Business Context
NimbusDesk, a B2B SaaS support platform, receives thousands of inbound support tickets each day across products that launch faster than labeled training data can be created. The operations team wants a zero-shot NLP system that can assign tickets to the correct queue before a supervised classifier is available.
Data Characteristics
- Volume: ~80,000 historical tickets per month, but only 5-10% are manually labeled for new categories
- Text length: 8-220 words per ticket, median 42 words
- Language: English only for the first release
- Label distribution: Highly skewed; common classes include billing, login, API, and bug report, while new classes appear weekly
- Input format: Short subject line plus free-text description, often noisy and inconsistent
Success Criteria
A good solution should route tickets with macro-F1 73 on established categories and provide useful predictions for unseen categories using only label names or short label descriptions.
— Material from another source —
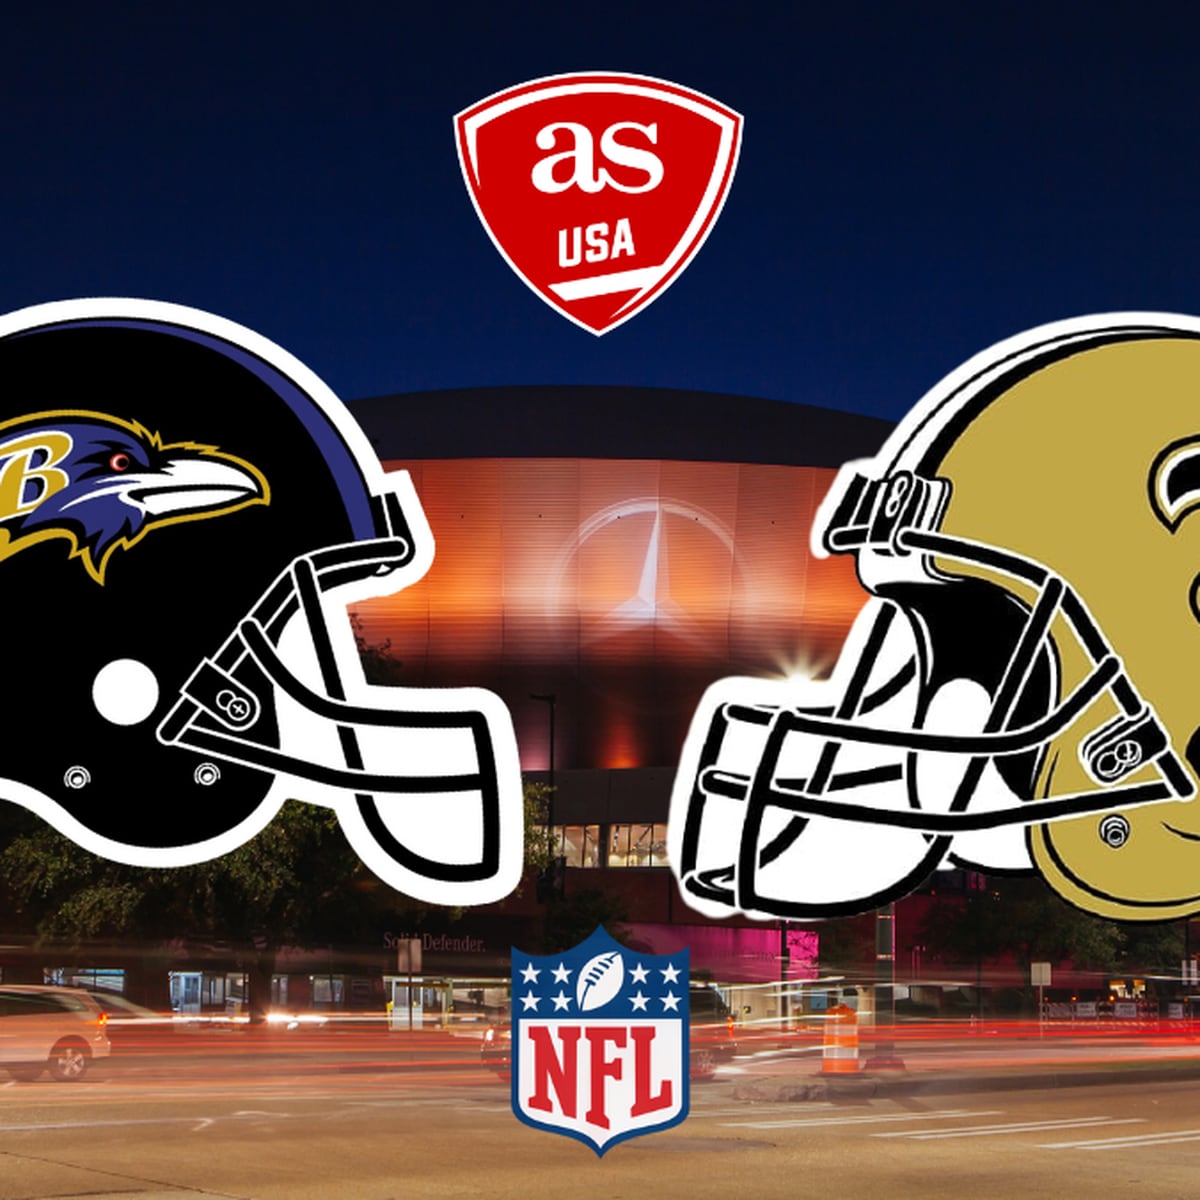 MNF: Ravens vs. Saints: Final score, play-by-play and full highlights

Top-2 recall should be high enough for human-in-the-loop triage, with inference latency under 150 ms per ticket.
Constraints
- New categories may have zero labeled examples at launch
- The model must run in a Python service on a single GPU or CPU fallback
- Predictions should be explainable enough for support managers to audit category assignments
Requirements
- Explain what zero-shot learning is in NLP and when it is preferable to supervised fine-tuning.
- Build a zero-shot classifier for support ticket routing using modern Python tooling.
- Define a preprocessing pipeline for short, noisy ticket text.
- Compare a zero-shot NLI approach against a TF-IDF baseline.
- Describe how you would evaluate performance on both seen and unseen categories.
- Propose when you would transition from zero-shot to few-shot or fully supervised training.